A ‘stay at home’ order, also referred to as ‘shelter in place,’ requires residents to stay inside, except when needing to perform activities deemed essential.

FILE – In this March 25, 2020, file photo, yellow cabs line an empty 42nd St. waiting for fares outside Grand Central Terminal, in New York. (AP Photo/Mary Altaffer)

California became the first state to issue the order two weeks ago and was quickly followed by New York. At least 37 other states, as well as Washington, D.C., and Puerto Rico, have issued the order since then.

“The reality is that if you do not comply, you are violating the law and you will be facing stiff penalties,” stated Georgia Governor Brian Kemp.

This leaves about a dozen states who have not given the order, including Texas, Oklahoma, North Dakota, South Dakota, Tennessee and Wyoming. These governors have opted to strongly advise citizens to stay home, in addition to restrictive measures on large gatherings, bars and restaurants.

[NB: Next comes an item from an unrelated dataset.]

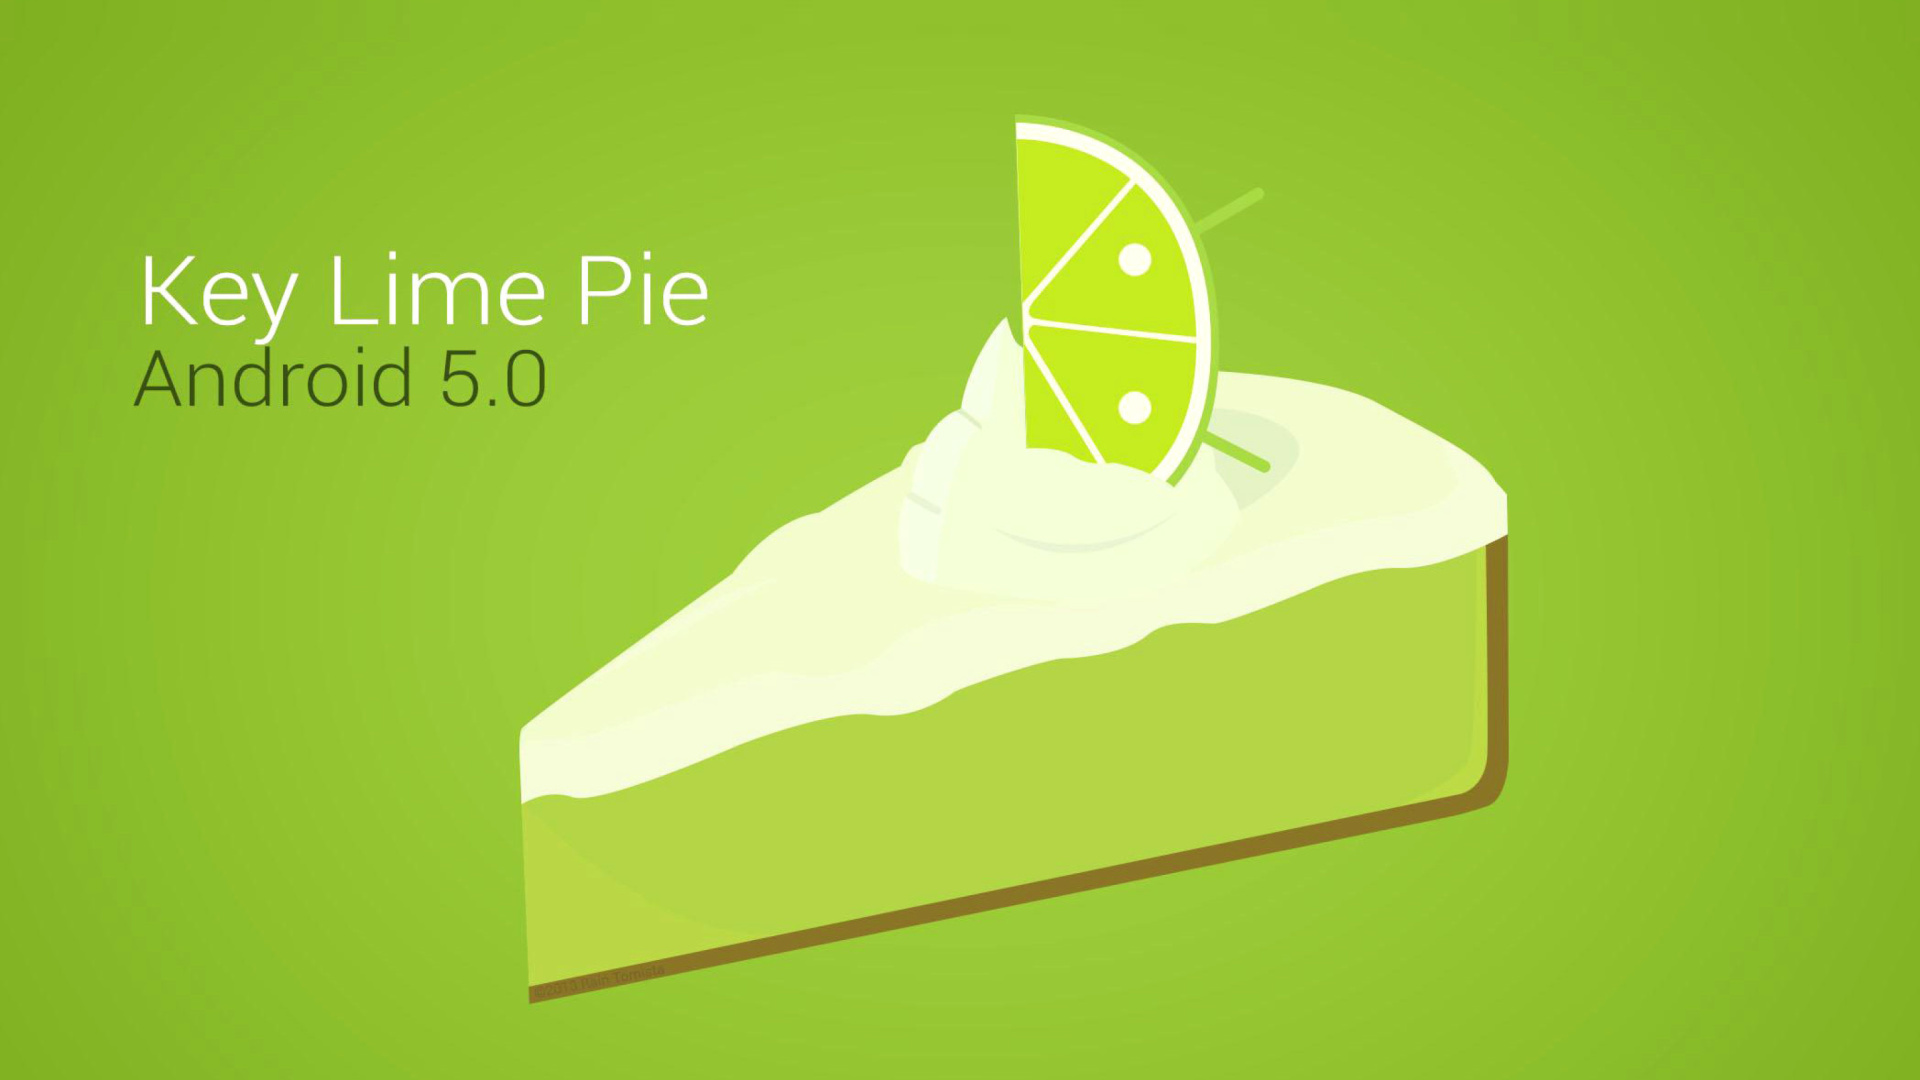 Das Concept Android 5.0 Key Lime Pie Wallpaper 1920x1080

President Trump has stressed it is important these states have the ability and the right to make their own decisions. He has also promoted a 30-day guideline to inform all citizens what measures they should be taking during this time.

FILE – In this March 20, 2020 file photo, extremely light traffic moves along the 110 Harbor Freeway toward downtown mid afternoon, in Los Angeles. (AP Photo/Mark J. Terrill)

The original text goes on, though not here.